Wettermark
- Author: Elliott Chaze
- Language: English
- Subject: Crime Mystery
- Genre: Crime Fiction Noir fiction
- Publisher: Scribner, New York
- Publication date: 1969
- Publication place: United States
- Media type: Print (hardcover)
- Pages: 159
- ISBN: 0-709-01725-1
- OCLC: 654631146
- Dewey Decimal: 813.54

= Wettermark =

1969 novel by Lewis Elliott Chaze

Wettermark is a crime novel written by American novelist Elliott Chaze, published by Scribner, New York in 1969. Title character Cliff Wettermark is down on his luck when he decides to rob a bank to help fix the things in his life that money can buy.

==Summary==
In Catherine, Mississippi, Cliff Wettermark has managed to burn bridges with several jobs including the Associated Press, the Times-Picayune, and a PR job for a chiropractor, and he now has a dead-end job as a reporter for the Catherine, Mississippi Call. Nothing seems to be going right in Cliff's life. He and his wife live in a hovel, he owes the bank $600, his wife needs her teeth fixed and he has what the local GP says looks cancerous on the side of his nose.

When Cliff goes and visit's the office of the local bank manager to ask for an extension on his loan, while he's waiting he hears that a bank robber has just held up the drive-thru window of another bank and made off with $10,000. Cliff leaves to get the story, but he can't help but think of the thief's action in acquiring that much money. It went against everything in Cliff's experience with the process of securing money from a bank.

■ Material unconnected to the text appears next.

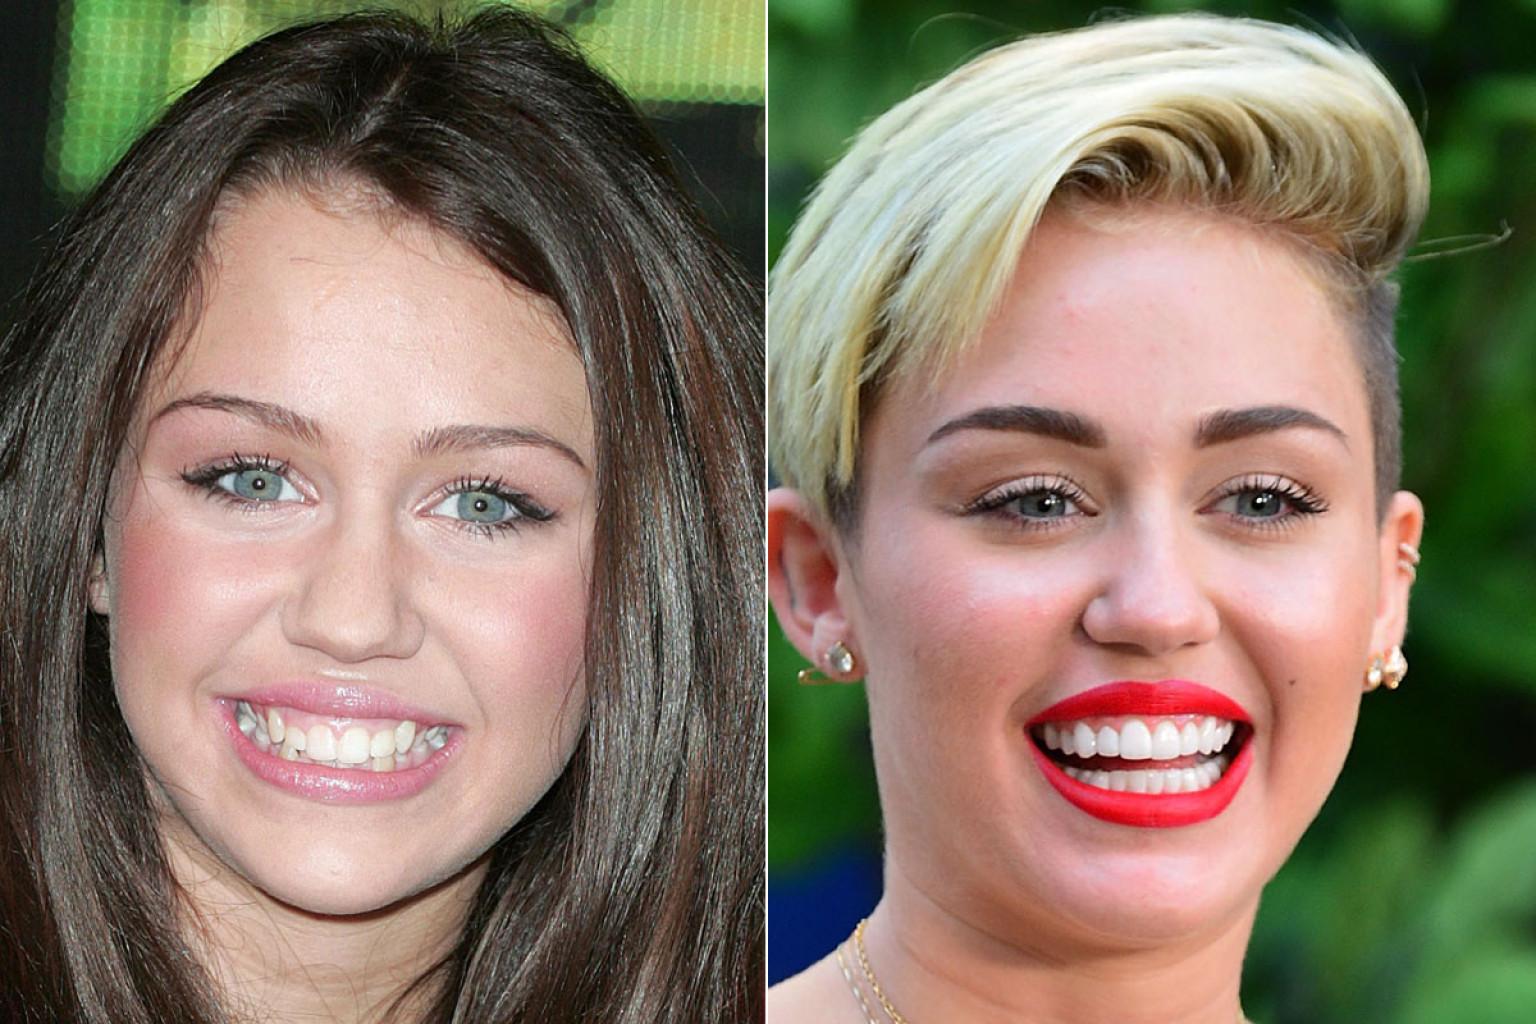 Miley Cyrus with False Teeth

After leading a sarcastic interview with a visiting Senator, he loses his job at the Catherine and his thoughts start to settle in about robbing a bank on his own. The reality of the act had opened his eyes to new possibilities. He knew that banks were and could be robbed but before now he had never considered doing it himself. He thought that only professionals who had the courage, skill and persistence could pull off such a thing. But he also knew that the local police wouldn't and couldn't do much boosted his confidence in getting away with it. Cliff mused that the town's captain of detectives:

"He was able to make drinking a cup of coffee look as if the fate of the nation depended on it and this was the primary reason, if not the only reason, for his promotion to captain. He could not track an army tank in fresh mud."

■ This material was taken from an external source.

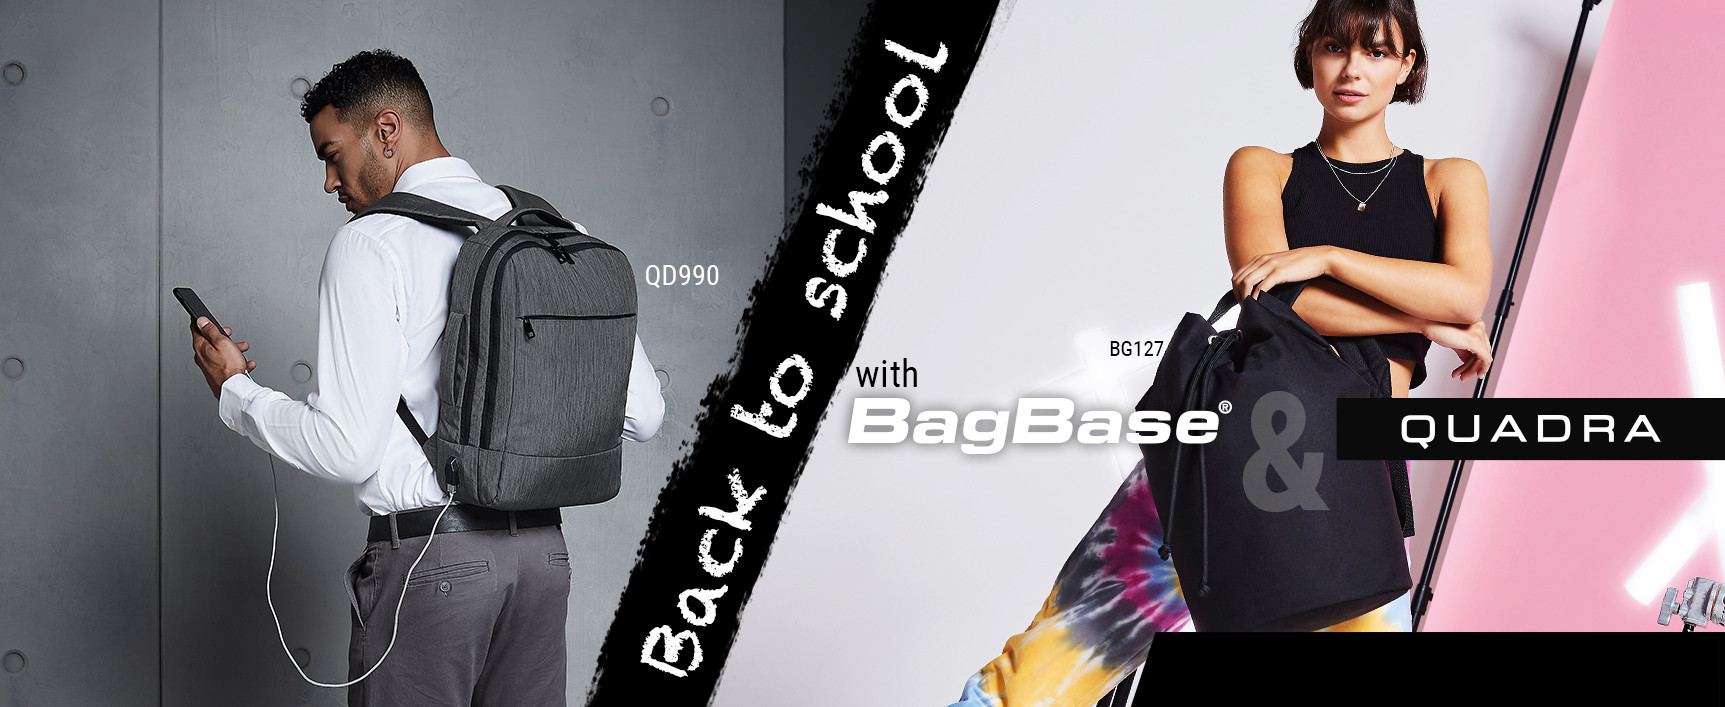 BagBase - Quadra : Back to school !

So Cliff starts to stake out a bank in a town a few counties over and begins making his plans.

==Reviews==
Bill Pronzini stated that "Wettermark is by turns funny, sad, bitter, mordant, and ultimately as dark and unforgiving as Black Wings Has My Angel — a brilliant character study that is likewise unreservedly recommended and that somebody damned well ought to reprint." He called the title character Cliff "a tragicomic figure, accent on the tragic — a tired, financially strapped, ex-alcoholic wage slave whose novelist ambitions have long since been shattered by rejection and apathy."